This is all thanks to a new law out of Europe, the General Data Protection Regulation (GDPR). But don’t blame European lawmakers for the fact that you’re getting all of these messages at once.
The European Union passed the GDPR in April 2016, and tech companies had more than two years to prepare before enforcement of the law began on May 25, 2018. Given that the web is a global network, the GDPR has required that all digitally operating companies that have European citizens as users to make changes to the ways in which they collect, store and process user data — or else pay hefty fines.
In a nutshell, organizations can’t collect data without user consent, and they are required to fulfill users’ requests to delete any information they’ve collected on them. Users will also be able to download all of the data an online service provider has on them and see how that organization has been using it.
It’s a tall order to get companies and users alike to care about data privacy at scale. It’s complicated, because laws have frequently come into effect reactively, not proactively. People take privacy for granted, and often, it takes a massive breach for people to get concerned, such as when it came to light in March that years-old Facebook data — from 87 million users — had gotten into the hands of political consultancy Cambridge Analytica.
That scandal inspired congressional hearings with Facebook CEO Mark Zuckerberg in the hot seat, and given the impending GDPR, he testified before the EU as well. The scandal hasn’t made a dent in Facebook usage.
The same passiveness goes for the GDPR: Many online service providers scrambled to get their policies updated and their users in the know, thus the 11th-hour emails that arrived en masse leading up to May 25. It’s likely that most people won’t read them, but in one way or another, many organizations’ email subscriber lists are going to dwindle because of them.
Several of the emails lead with desperate pleas, e.g. “Please don’t go!” because their aim is for the user to opt in, giving organizations permission to continue the data-sharing relationship, a.k.a. keep them on their marketing lists. They want you to renew your vows, if you will. If you don’t, companies are supposed to unsubscribe you. That might sound like a long overdue spam spring cleaning. But the problem is, the service providers are making users do all the work — and all at once — if they want to stay in the loop.
Then, there have been reports that these emails are all for naught, based on a misunderstanding of the GDPR. Some companies already have the necessary consent from their user contacts. Now, the emails they’re sending might backfire if people get unsubscribe-happy amid the email flood.
Even though tech giants such as Facebook and Google have been more publicly under fire for their misuse of data, some have argued that the GDPR gives bigger organizations an advantage. If a lesser-known entity asks a user to consent to data access, it might be met with more skepticism, or seen as less legitimate. This is an opportunity for users to think hard about which organizations they trust and why.
“You’re quite likely to click ‘I Consent’ or ‘Yes’ when a GDPR form is put in between you and your next hit of Facebook dopamine,” John Battelle writes for NewCo Shift.“You’re utterly unlikely to do the same when a small publisher asks for your consent via what feels like a spammy email.”
As for the updated service agreements themselves, you’ve probably wondered, do these companies really expect every user to read every new contract that’s dropped into their inbox? Despite the fact that the GDPR specifies that companies must write their privacy policies in “clear and plain language,” many of the updated policies consist of the opposite. Google’s, Facebook’s, Twitter’s and LinkedIn’s are now more verbose, according to The Wall Street Journal. It seems like a classic case of cramming: the dilemma of, I would have written you a shorter note if I’d had more time to edit down my rambling first draft.

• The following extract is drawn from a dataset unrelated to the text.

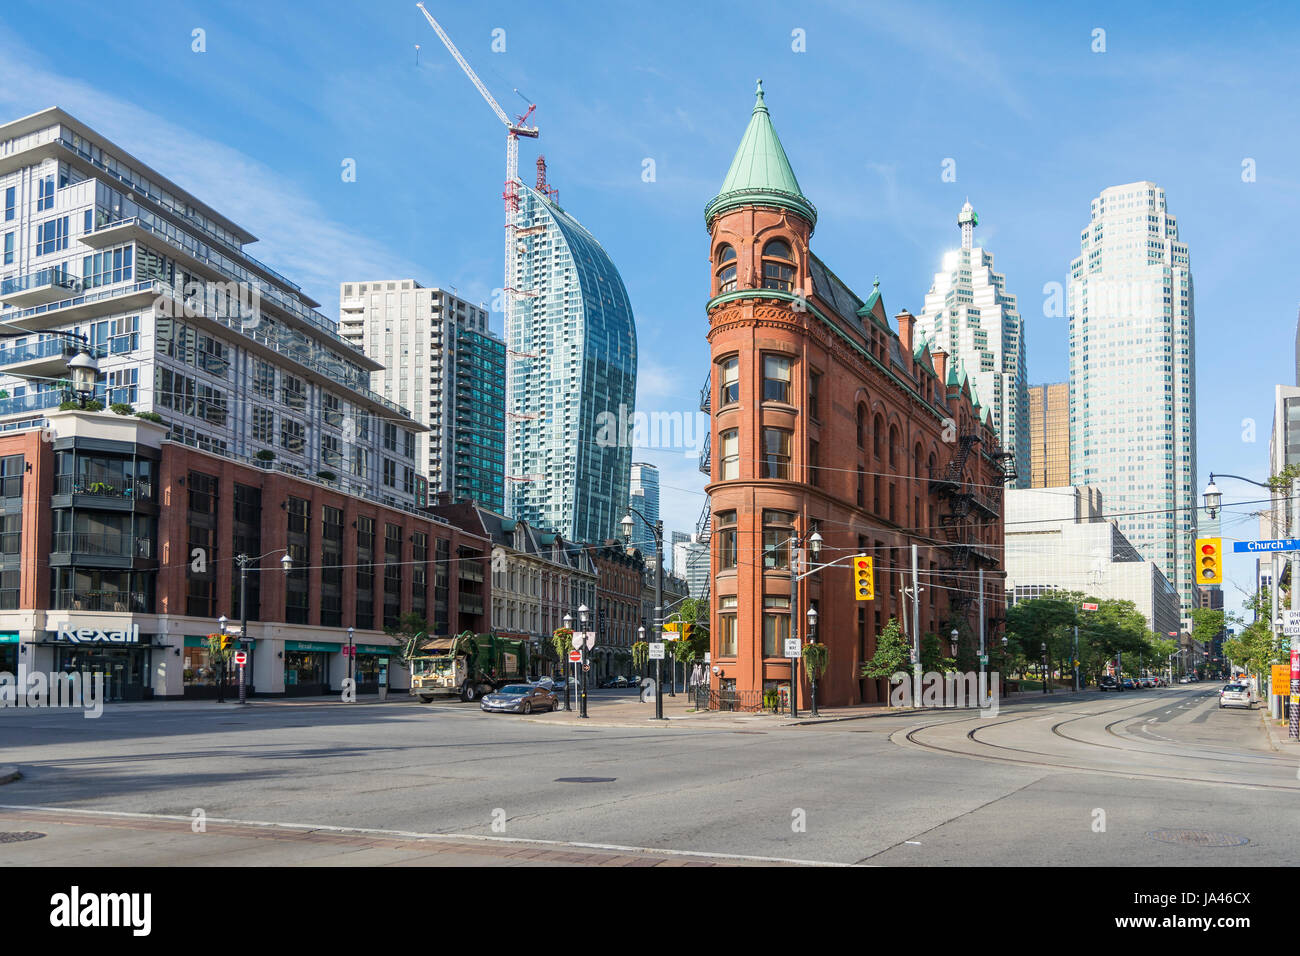 Toronto, Canada - le 2 août 2015 : vue de l'immeuble Gooderham (le Flatiron Building) au centre-ville de Toronto, avec quelques bâtiments modernes et gratte-ciel Banque D'Images

This is just one way in which companies were unprepared for Friday’s enforcement. Publications under the Tronc family, such as The Chicago Tribune and The Los Angeles Times, are among those that have blocked European citizens from accessing their websites while they continue getting their GDPR ducks in a row. Many other U.S.-based publications presented opt-in messages or pared-down websites to their audiences.
Even if you click the “x” on policy update prompts, and even if you (inevitably) don’t read all of the emails, it can’t hurt to keep them on file. You never know when you’re want to take a glimpse at the data you’ve shared with a social network, app or other service — and possibly wipe the record clean. Some of those emails might point you in that direction if that day ever comes.